Introducing - Better Summarizer GPT
An LLM summarization technique - chain of density - that generates concept dense summaries
Improve a common task for those using ChatGPT for the first time at work or in school.
Harness the power of the latest AI research (arxiv.org Sept '23) with an advanced summarizer. Utilizing the Chain of Density approach, this custom GPT produces high-quality summaries that pack more information into fewer words without losing clarity or coherence.
Using Better Summarizer
First, Click here to Launch
Next we’ll go to the Wikipedia entry for William Shakespeare and copy the main article so we can paste it into ChatGPT in a bit. (feel free to use your own content as you follow along)
Paste in the entire article. This will start the process. It should give you output that looks something like below.
As with all generative AI, your milage may vary with zero-shot or in this case few shot through the inferred loop.
Essentially, it starts by generating an initial baseline summary.
Then, it analyzes that summary to identify any critical pieces of information that are still missing – “entities”. Armed with that knowledge gap, it generates a new, more comprehensive summary incorporating those missing bits.
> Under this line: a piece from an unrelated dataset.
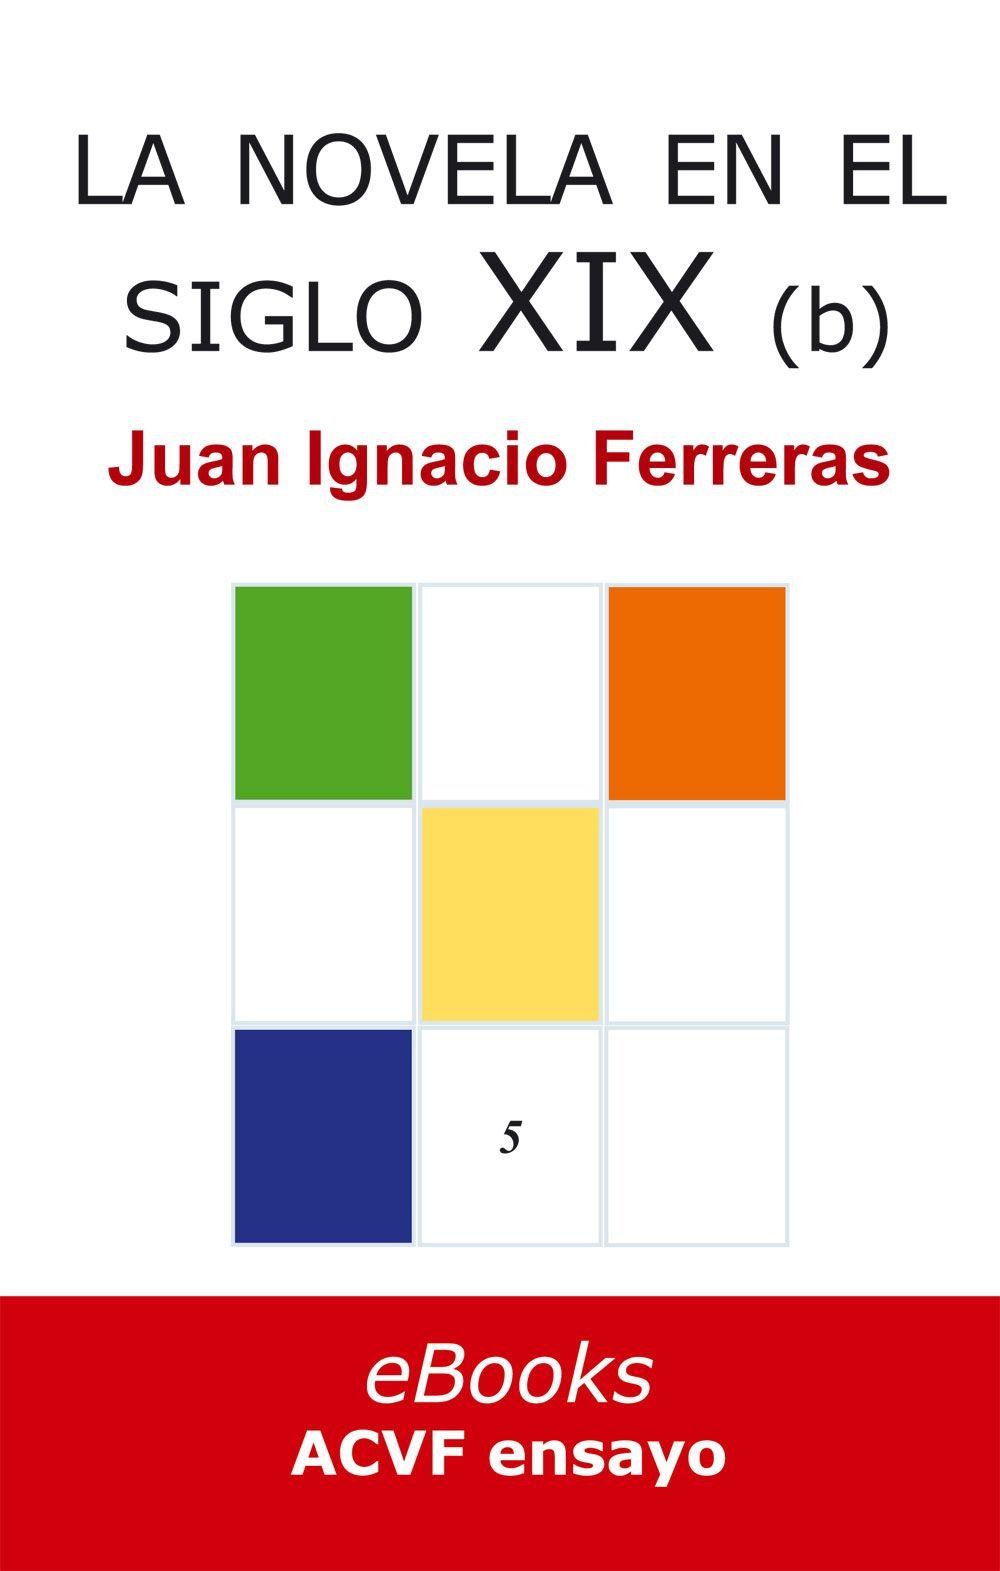 La novela en el siglo XIX (desde 1868), de Juan Ignacio Ferreras (epub)

This process repeats 3-5 times, with each new summary cycle building upon and refining the previous one until you're left with a rich, distilled final summary capturing all the salient points. It's like Better Summarizer is continually cross-checking its own work, pinpointing holes, and patching them up.
You can review the full chat here.
Give it a try and give the GPT a rating.
Remember after you use a GPT at least once, you can always get to it again by using the ‘@’ sign in any chat within ChatGPT.
Notes for prompt engineering
Builds on aspects of reflextion and chain of thought
Slightly agentic - since a model can read every token it has already written, it is possible for the model use that as a feedback loop between the initial and nth summary.
Limitation for agentic behavior - this use case works since the output is short and thus the model - mostly - provides its own feedback loop within the output token maximum.
Adding context makes the loop more powerful - do you want a summary of Shakespeare’s life or his literary works? or for the model to focus on his personal life?
It would be interesting to research and compare how much denser and better the end summary would be if the feedback loop was multi agent based.